Let's consider the following building process of a binary tree $T$: We start with one vertex - root of the tree T. Next, we choose $n$ times a leaf $v$ in tree $T$ and we add two children to that leaf. A leaf $v$ at depth $d$ has probability $\frac{1}{2^d}$ of being chosen. We assume that the root is at depth $0$.

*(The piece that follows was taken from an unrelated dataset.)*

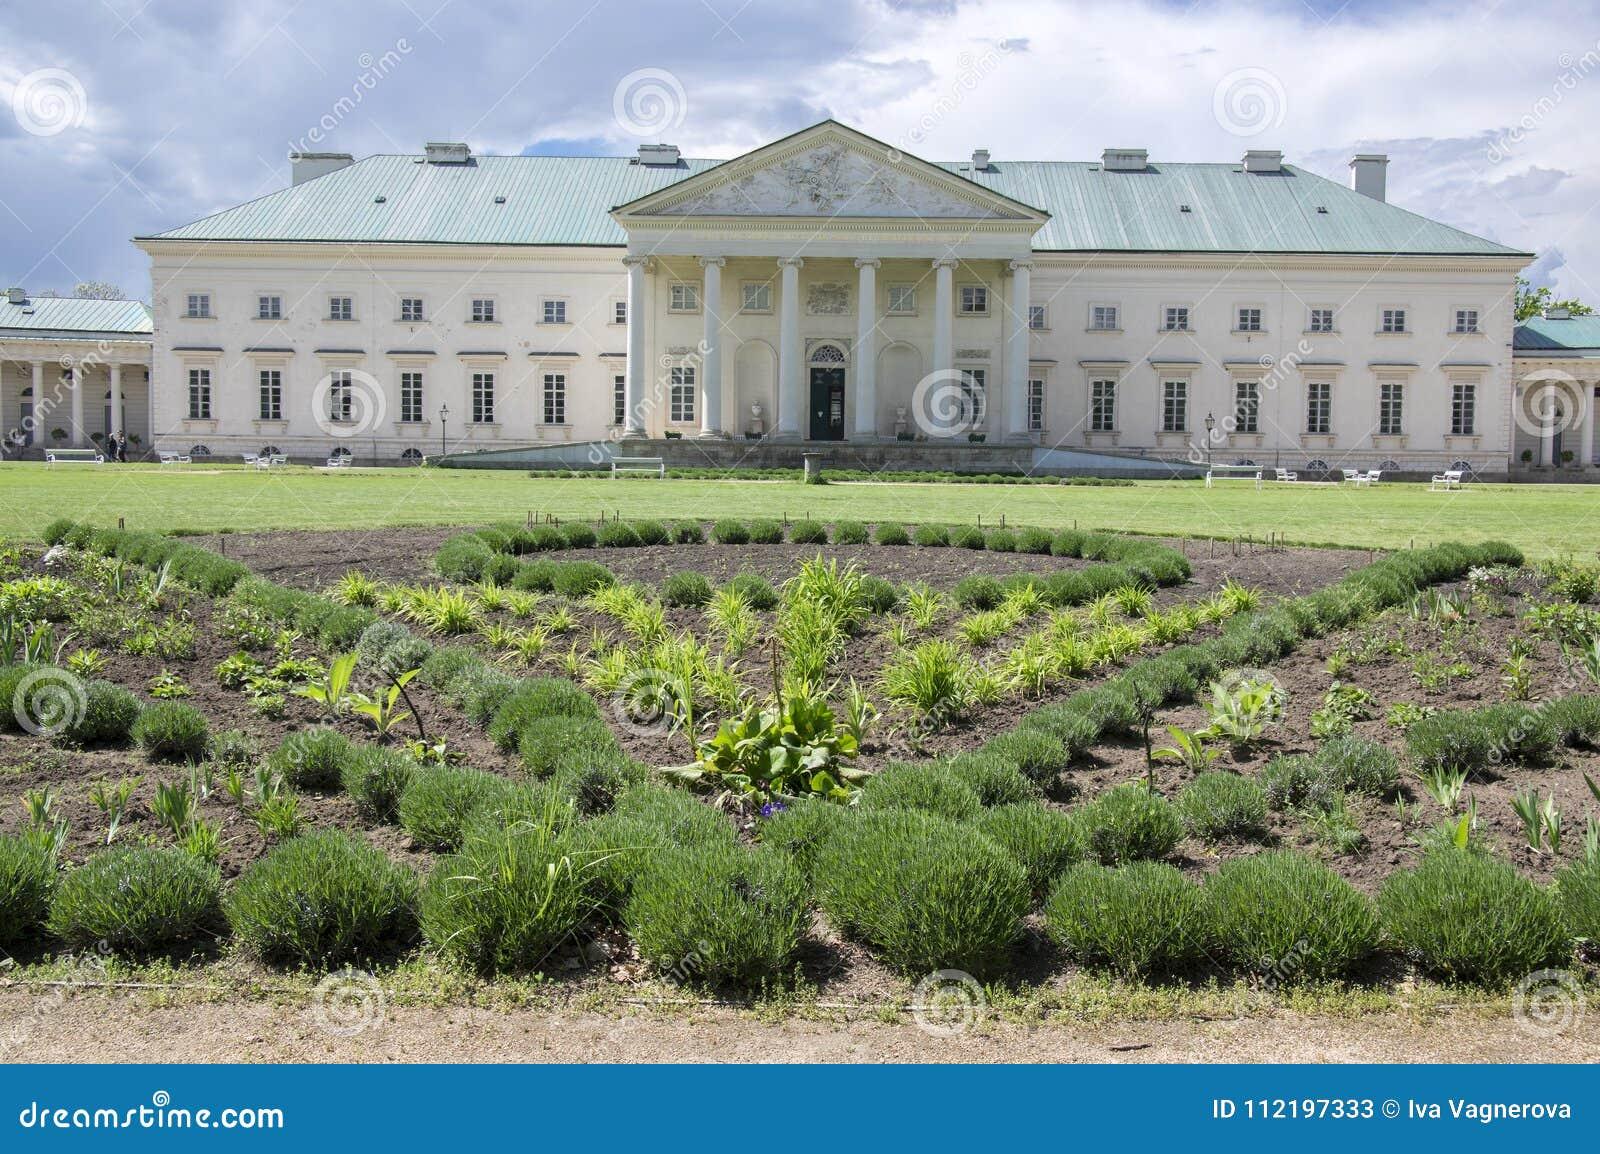 Kacina, palazzo storico di stile dell impero nella regione di quintale della repubblica Ceca, della proprietà nazionale, della pi

Let $H$ be the depth $T$ at the end of the process. Prove that $$\exists c > 0. \quad P(H \ge c \cdot \log(n)) = O\left(\frac{1}{n^{2016}}\right)$$
Hint: Described building process is equivalent to the following one: Consider a complete binary tree $T'$ with depth $n$ and root $r$. Let $T$ be a subtree of $T'$. In every step we choose (with uniform distribution) a leaf $w$ in $T'$. Note that $v$ in the original algorithm is the only leaf of $T$ on the path from $r$ to $w$.
This is an exercise from a test I'm preparing for. I wanted to use Markov inequality, so I tried to count $EH$. I thought that $H$ = $H_1 + ... + H_n$, where $H_i$ are Bernoulli's random variables and $H_i = 1$ if there is a vertex at depth $i$. I wasn't able to finish that, though.
For $1 \le i \le n$, let $A_i$ be the event that, on step $i$ of the algorithm, a leaf at depth $2018 \lg n$ is chosen.
The probability of $A_i$ depends on $i$ and also on the tree built up until that point (for example, when there are no such leaves to choose, $\Pr[A_i] = 0$) but we always have $$ \Pr[A_i] \le n \cdot 2^{-2018 \lg n} = n^{-2017}. $$ Whatever the tree looks like at step $i$, there are at most $n$ leaves at depth $2018 \lg n$ (because there are at most $n$ leaves in the tree) and each such leaf has probability $2^{-2018 \lg n}$ of being chosen.
Next, by the union bound, $$ \Pr[A_1 \lor A_2 \lor \dots \lor A_n] \le n \cdot n^{-2017} = n^{-2016}. $$ Therefore $$ \Pr[H > 2018 \lg n] \le n^{-2016} $$ because, in order for the final depth to exceed $2018 \lg n$, at some point a leaf at that depth must be chosen.